- EXERCISE -
Set the listing down again in full, word for word, with the pictures left out.

- DATA SECTION -
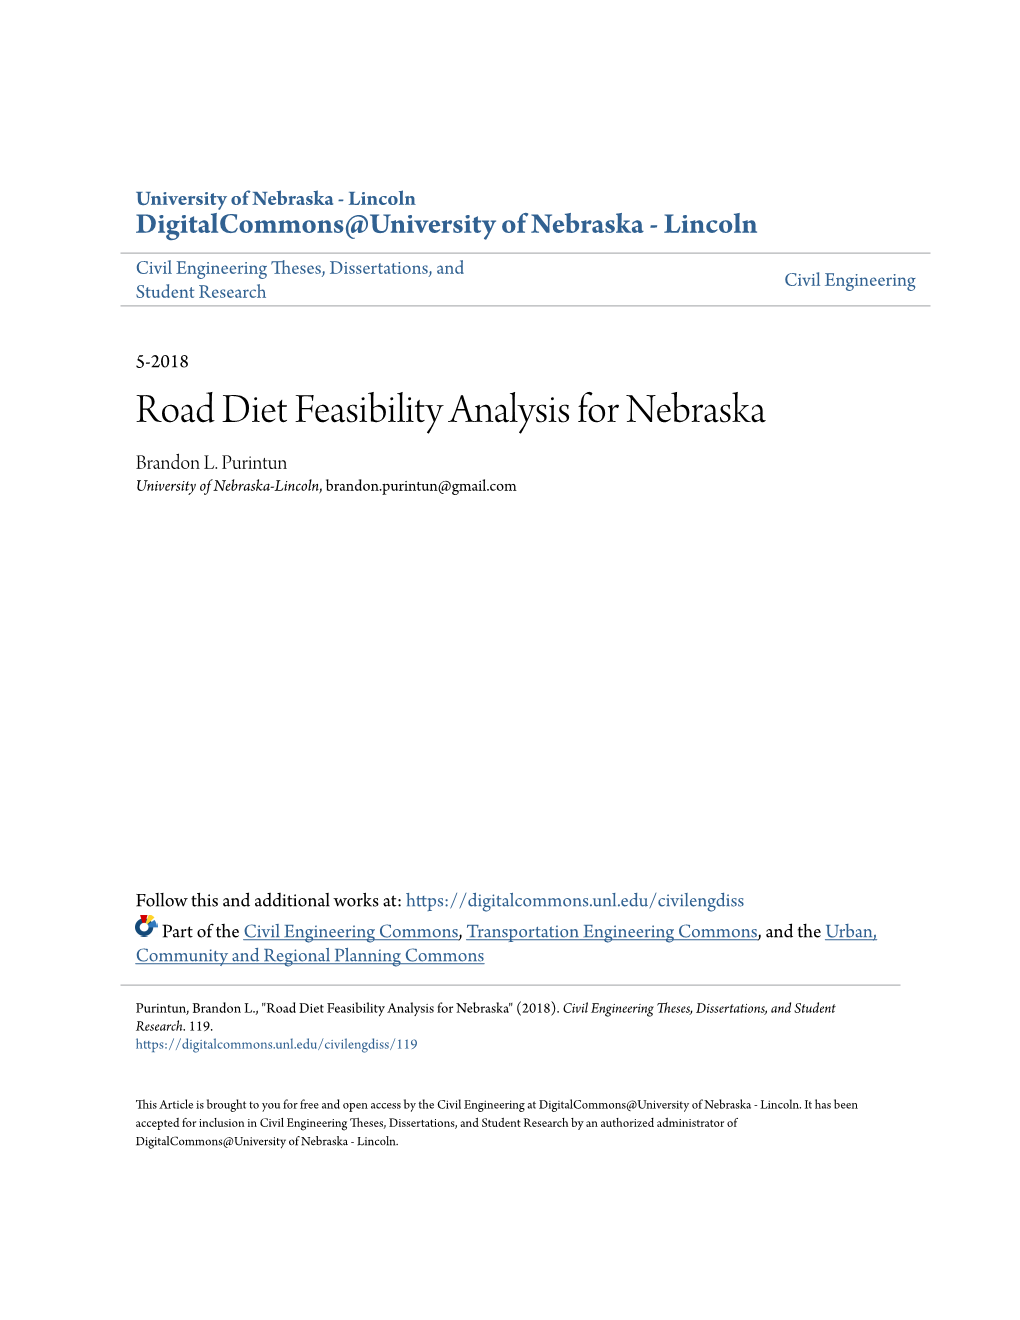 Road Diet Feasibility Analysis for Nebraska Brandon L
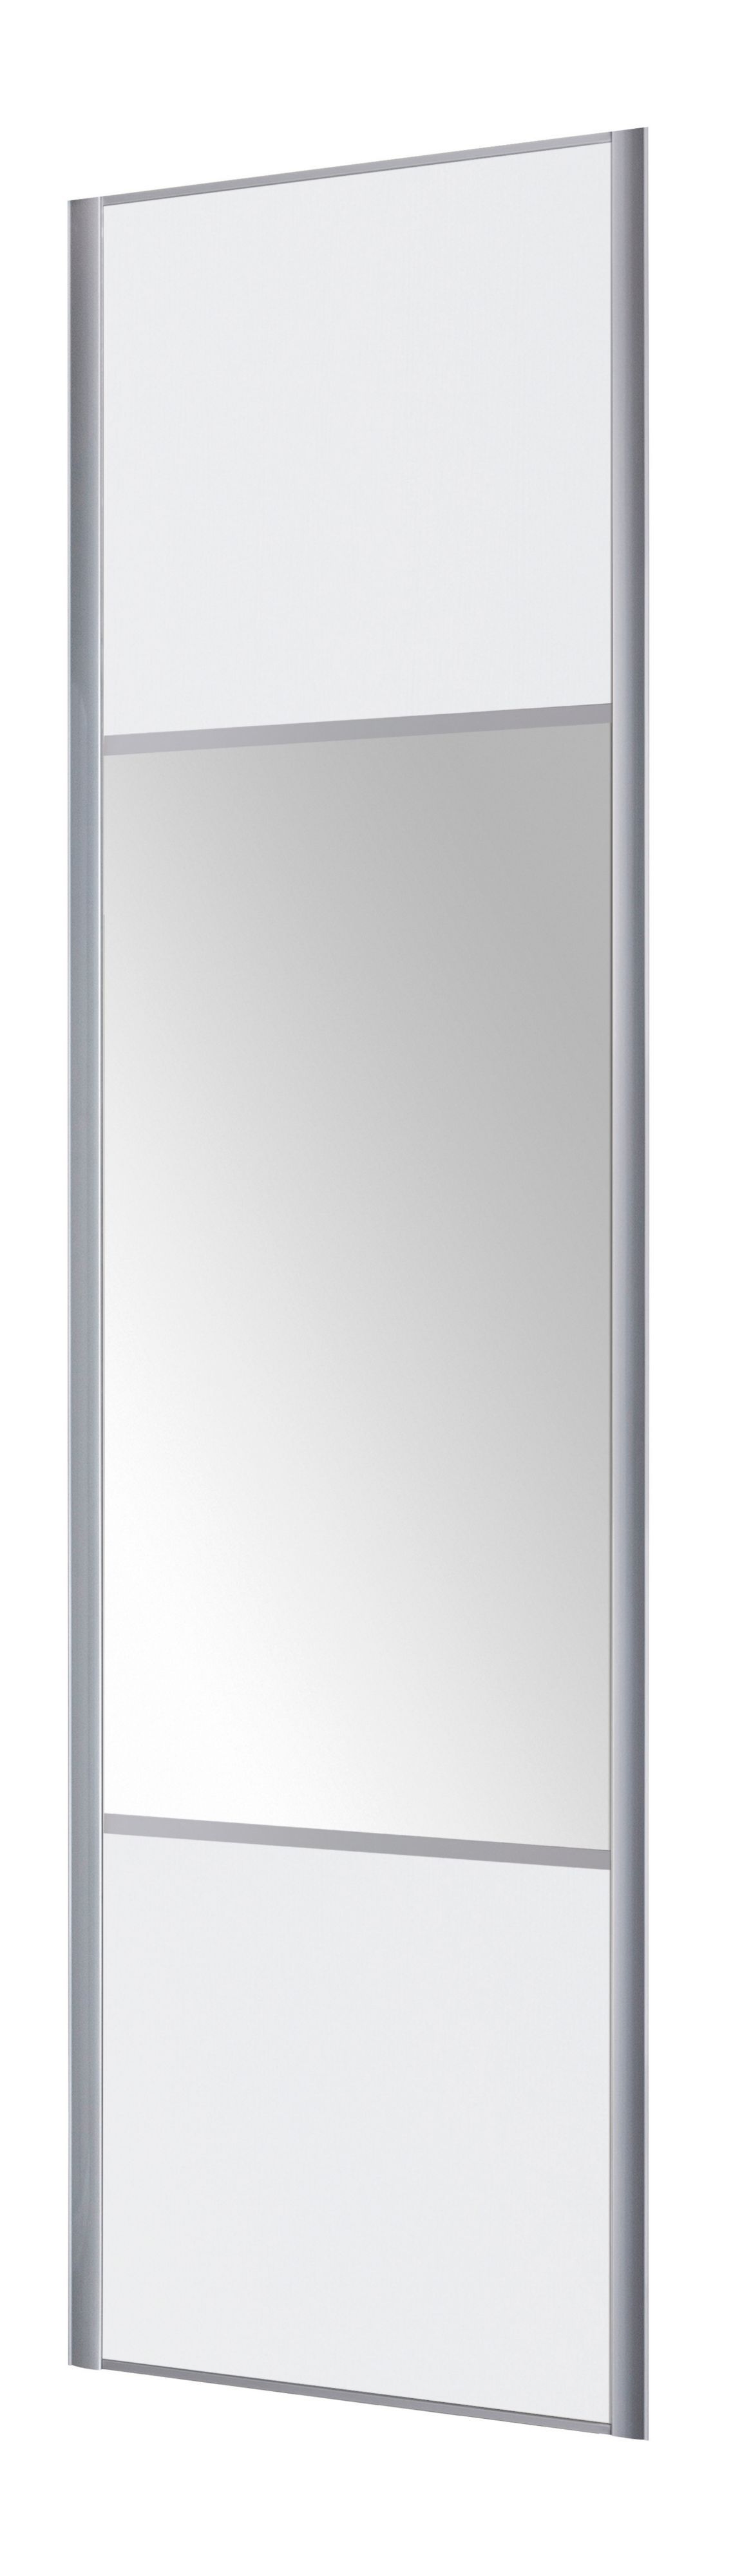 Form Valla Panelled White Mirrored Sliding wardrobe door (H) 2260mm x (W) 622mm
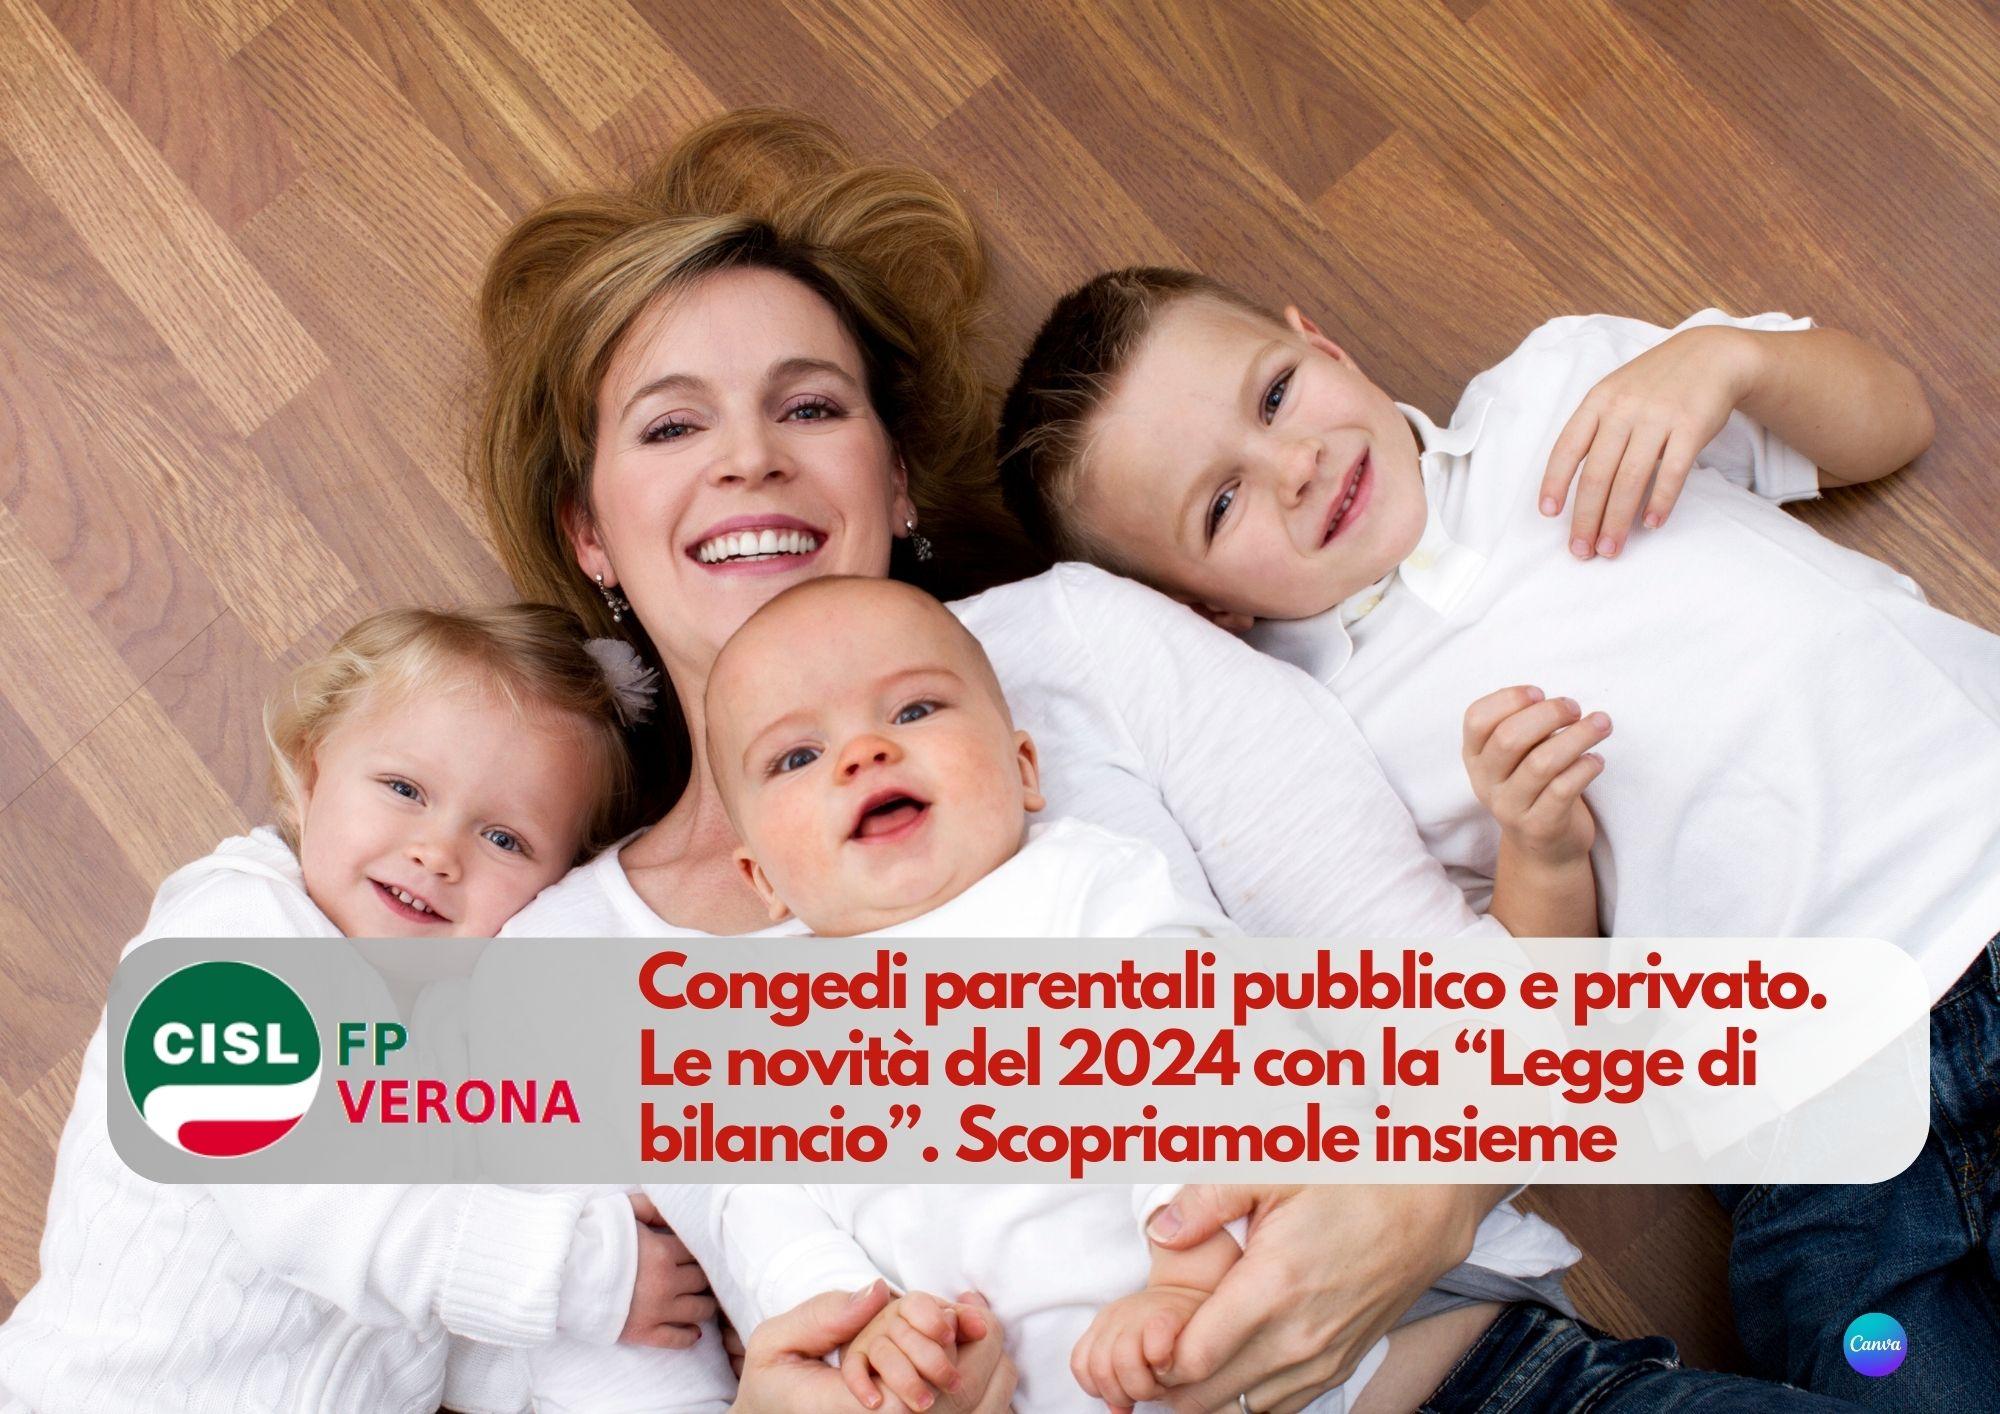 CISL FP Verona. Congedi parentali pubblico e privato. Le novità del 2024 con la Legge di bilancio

- YOUR RESPONSE -
 Road Diet Feasibility Analysis for Nebraska Brandon L
 Form Valla Panelled White Mirrored Sliding wardrobe door (H) 2260mm x (W) 622mm
 CISL FP Verona. Congedi parentali pubblico e privato. Le novità del 2024 con la Legge di bilancio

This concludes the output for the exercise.